McDonald’s is poised to earn some profit from its $5 meal deal, although the margins will be modest. According to restaurant analyst Mark Kalinowski, the combo meal is expected to yield a profit margin between 1% and 5%, translating to approximately $0.05 to $0.25 for each bundle sold.
Kalinowski noted that this initiative is aimed at attracting inflation-weary customers back into the restaurants, hoping to entice them to purchase more than just the $5 meal. However, profitability will largely depend on various factors, including ingredient costs, labor, and overhead expenses.
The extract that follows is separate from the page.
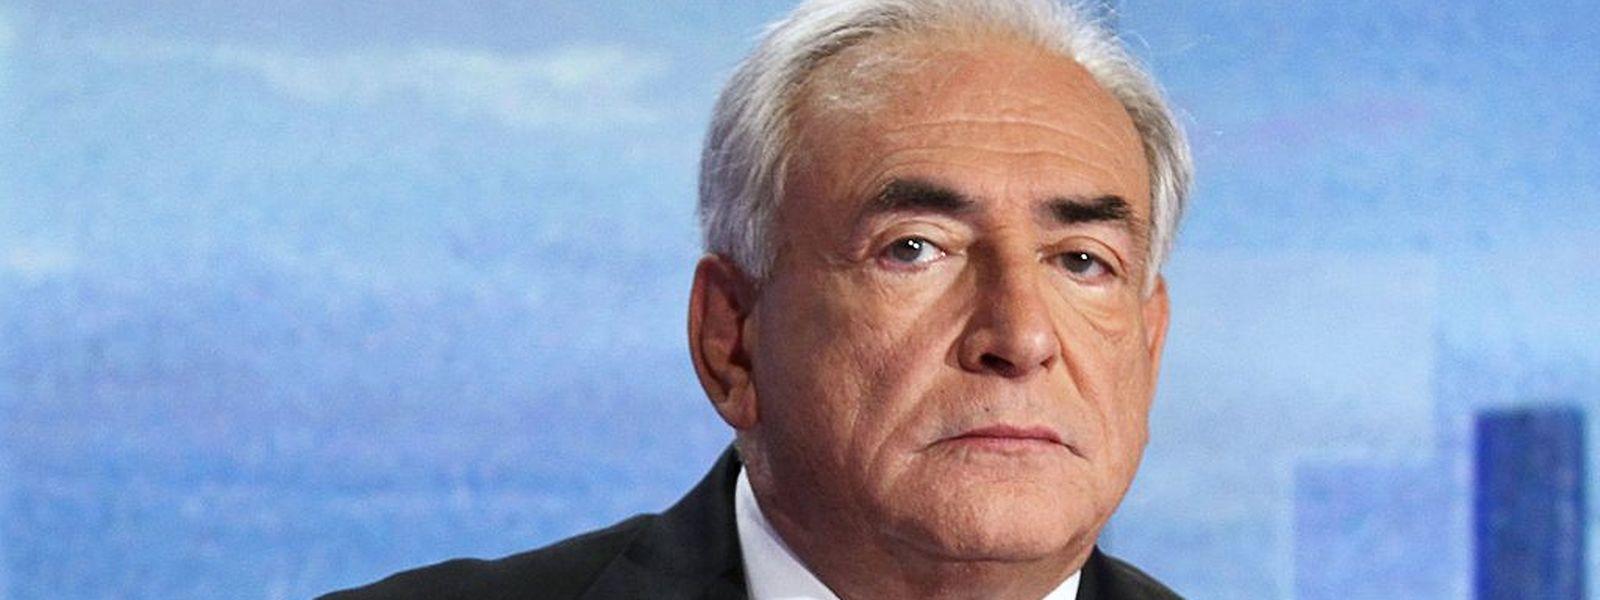 Erstmals muss Dominique Strauss-Kahn in dem Prozess aussagen.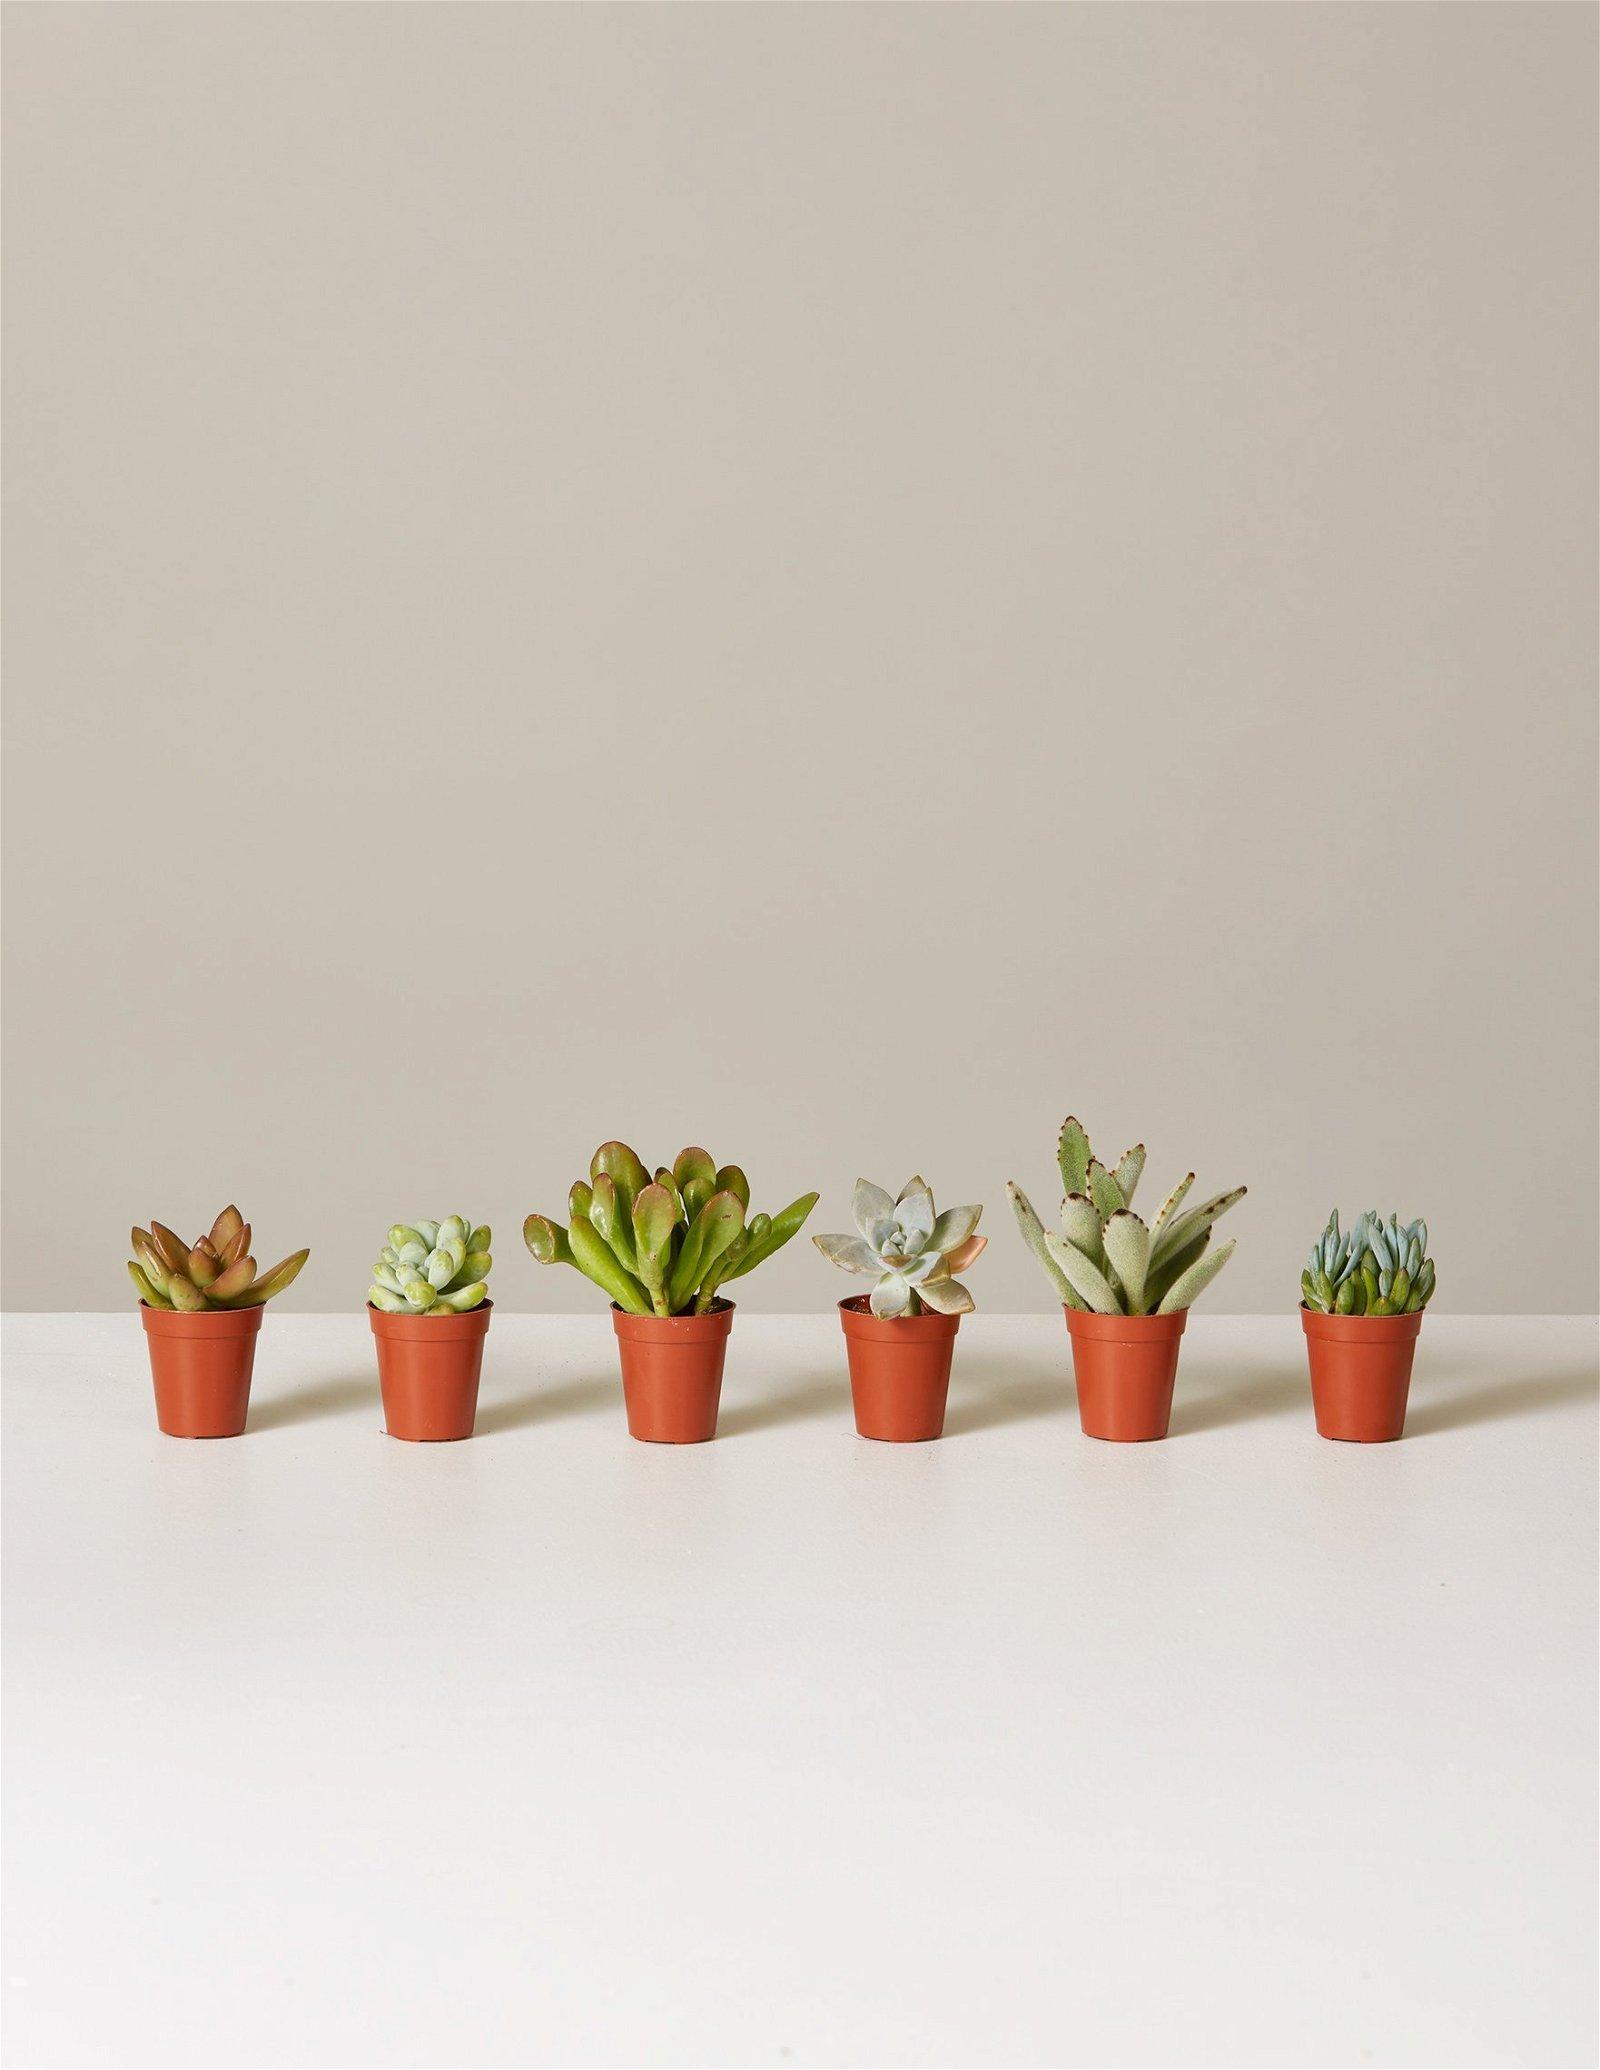 Image of Succulent Assortment

Arlene Spiegel, president of Arlene Spiegel & Associates, indicated that the $5 meal deal is “more promotional than profitable.” While the meal might help draw customers into the restaurant, it does not guarantee that franchise owners will benefit from those profits.
With around 95% of McDonald’s locations being franchise-owned, individual owners determine their own pricing and face additional expenses such as rent, insurance, permits, and taxes. In May, Joe Erlinger, McDonald’s U.S. president, mentioned that franchisees often implement promotional deals like the $5 meal to manage these overhead costs.
However, Spiegel cautioned that the bundle serves primarily as a “loss leader” to attract and reacquire customers. Once all costs—including labor, packaging, condiments, delivery fees, and marketing—are considered, franchise owners essentially eliminate any potential profit from the deal.